Many studies have focused on the FIV of 2D bluff bodies such as circular cylinders. A singular elastically mounted cylinder is not subject to persistent vibrations beyond reduced velocities of U^*=U/f_{nw}D~12, where U is freestream velocity, f_{nw} is the natural frequency in water and D is body diameter. However, when placed in tandem behind a static cylinder, it can exhibit persistent monotonically increasing vibration response with increasing reduced velocities (Assi et al., JFM, 2010, 2013). An isolated sphere, on the other hand, has been reported to undergo persistent vibrations until U^*~300 (Jauvtis & Williamson, JFS, 2001). However, there is no published study yet investigating the FIV response of tandem spheres.
This talk will discuss the behavior of a spanwise elastically mounted sphere placed in tandem with an upstream static sphere of equal diameter. A series of systematic experiments are performed employing simultaneous displacement and wake measurements using a linear encoder and stereo article image velocimetry, respectively. The FIV response is characterized for a wide range of reduced velocities 2.5<U^* <22.5 and spacing ratios 1.5<L^* = L/D<10, where L is the separation distance between the two spheres .

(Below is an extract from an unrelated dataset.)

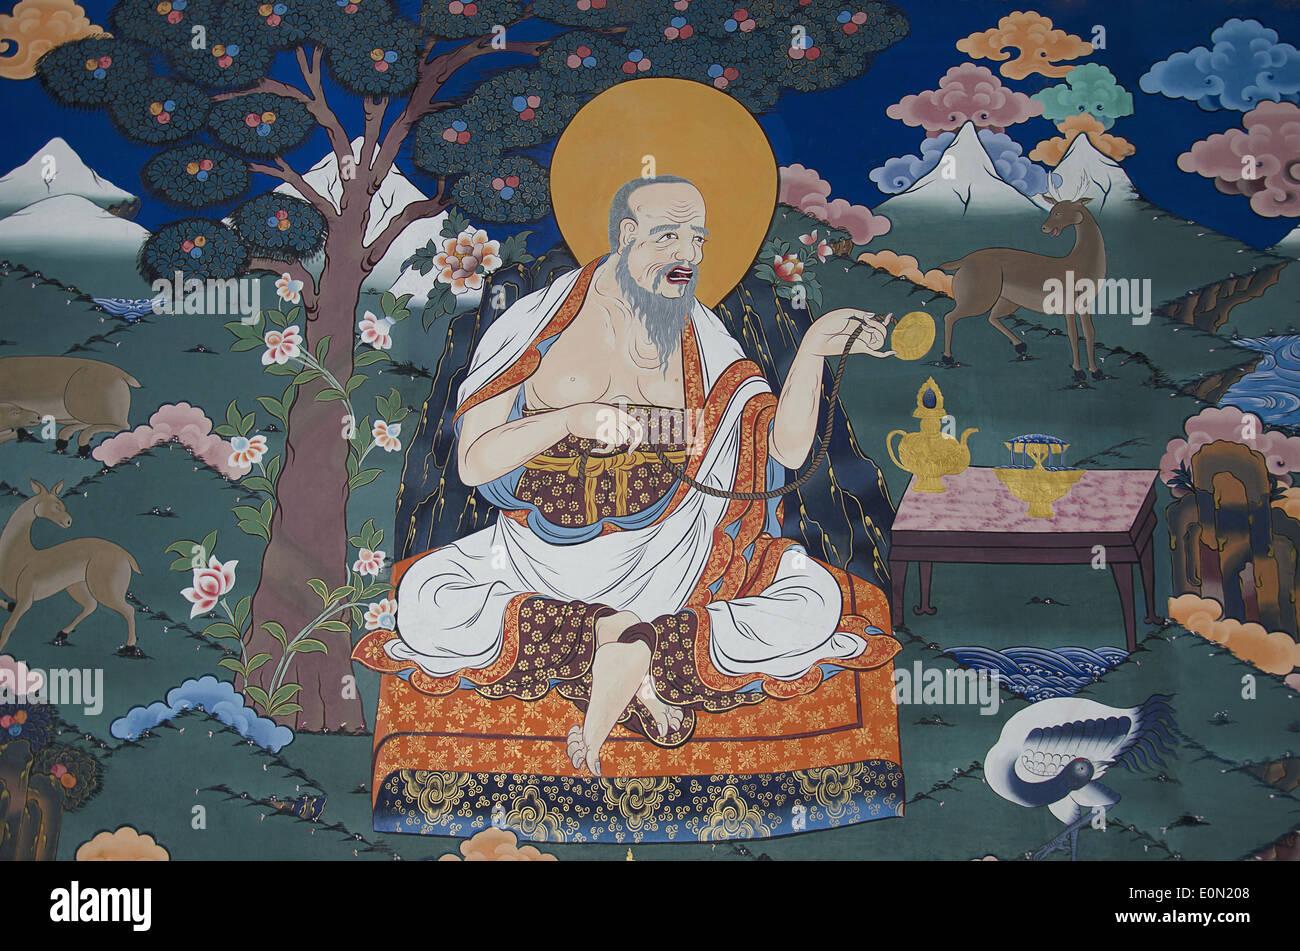 A wall painting inside the Rinpung Dzong, Drukpa Kagyu Buddhist monastery, Paro, Bhutan - Stock Image

It is observed that at low reduced velocities (U^* < 10.5), an attenuated vibration response is observed for spacing ratios L^* <4, which presumably lies within the wake-deficit of the static sphere, thereby reducing the mean flow experienced by the sphere. Interestingly, at higher reduced velocities of U^* >10.5, vibrations monotonically increase with increasing reduced velocities for all spacing ratios. The vibrations were regularized and enhanced by up to 153% compared to an isolated sphere. These enhanced vibrations do not appear to be driven by streamwise vorticity known to drive vortex-induced vibrations of an isolated sphere. These vibrations are termed wake-enhanced vibrations and are characterized by significant energy transfer from fluid to the structure. This study advances our understanding of fluid-structure interaction mechanisms of tandem 3D bodies and motivates further work to understand the origins of fluid energy transfer to the system.

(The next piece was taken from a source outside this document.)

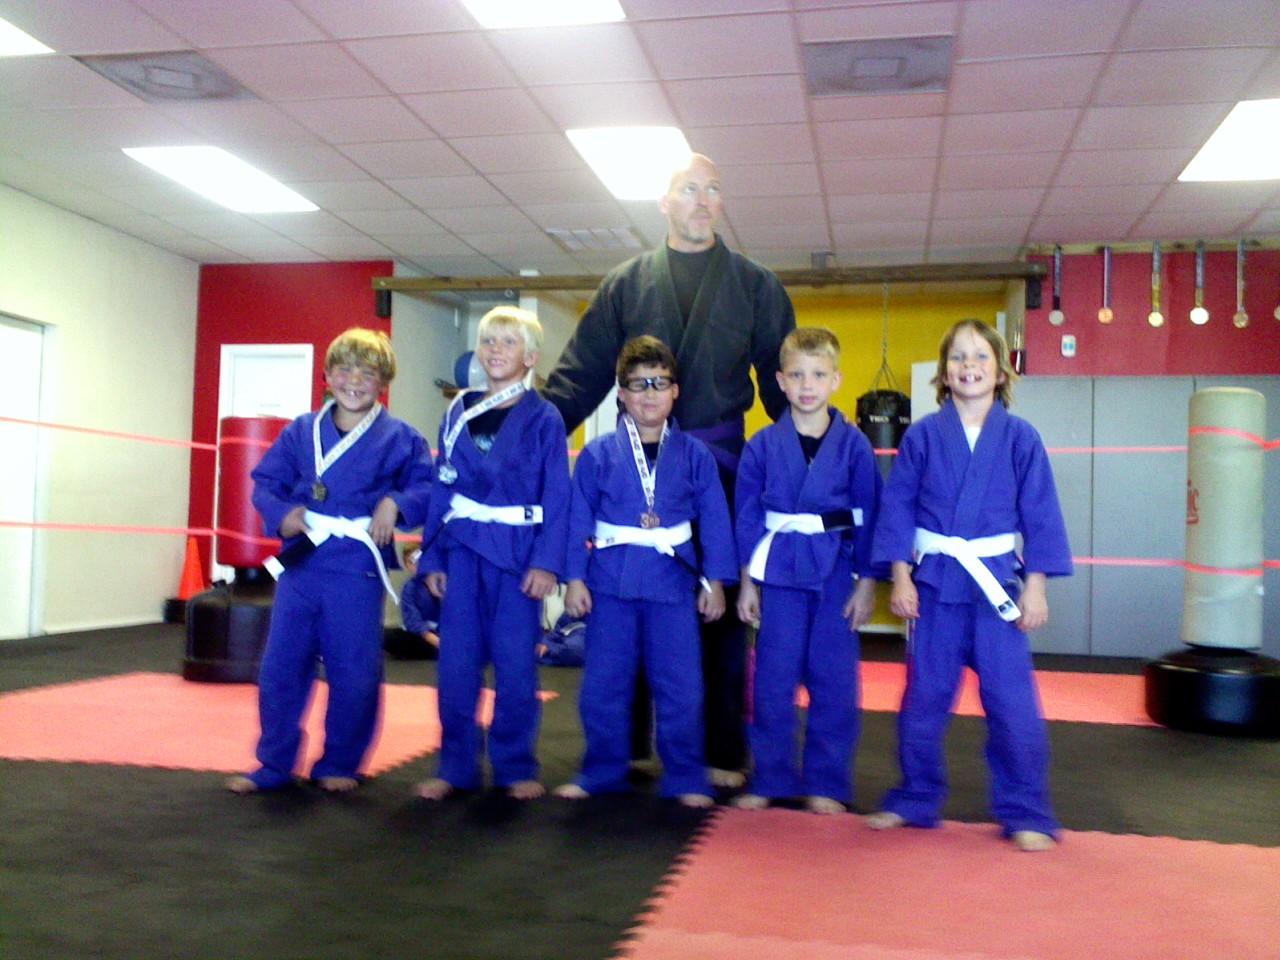 Our Lightweight Jiu Jitsu Competitors

Maziyar Hassanpour, University of Calgary
PI: Robert Martinuzzi
Abstract: A novel hierarchical decomposition for wake flows is introduced, enabling a nonlinear modeling framework for dissipation. The approach combines proper orthogonal decomposition with the maximal overlap discrete wavelet transform, yielding a method we denote as wPOD. The decomposition serves two purposes: (i) it provides a coherent reconstruction in space and time that isolates the shedding frequency and its harmonics, yielding modes whose temporal evolutions are narrowband and centered at the shedding frequency, its higher harmonics, and low-frequency components; and (ii) it extracts a representation of the dissipative small scales that remains nonlinearly correlated with the coherent motion. This nonlinear correlation reflects the well-known phenomenon of small scales riding on coherent structures and therefore sharing their convective velocity. Accordingly, both motions can be represented as convective waves of the form
R(t)cos(2πft−k⋅x). For the large scales, the phase, cos(2πft−k⋅x), sustains the convective velocity Uc=f/kx, while the envelope R(t) varies slowly in time. For the small scales, the phase is irregular, whereas the envelope enforces the same convective velocity. By distinguishing these mechanisms, we characterize the dynamical coupling between coherent and dissipative scales and establish a physically grounded basis for nonlinear modeling of dissipation in wake vortex flows.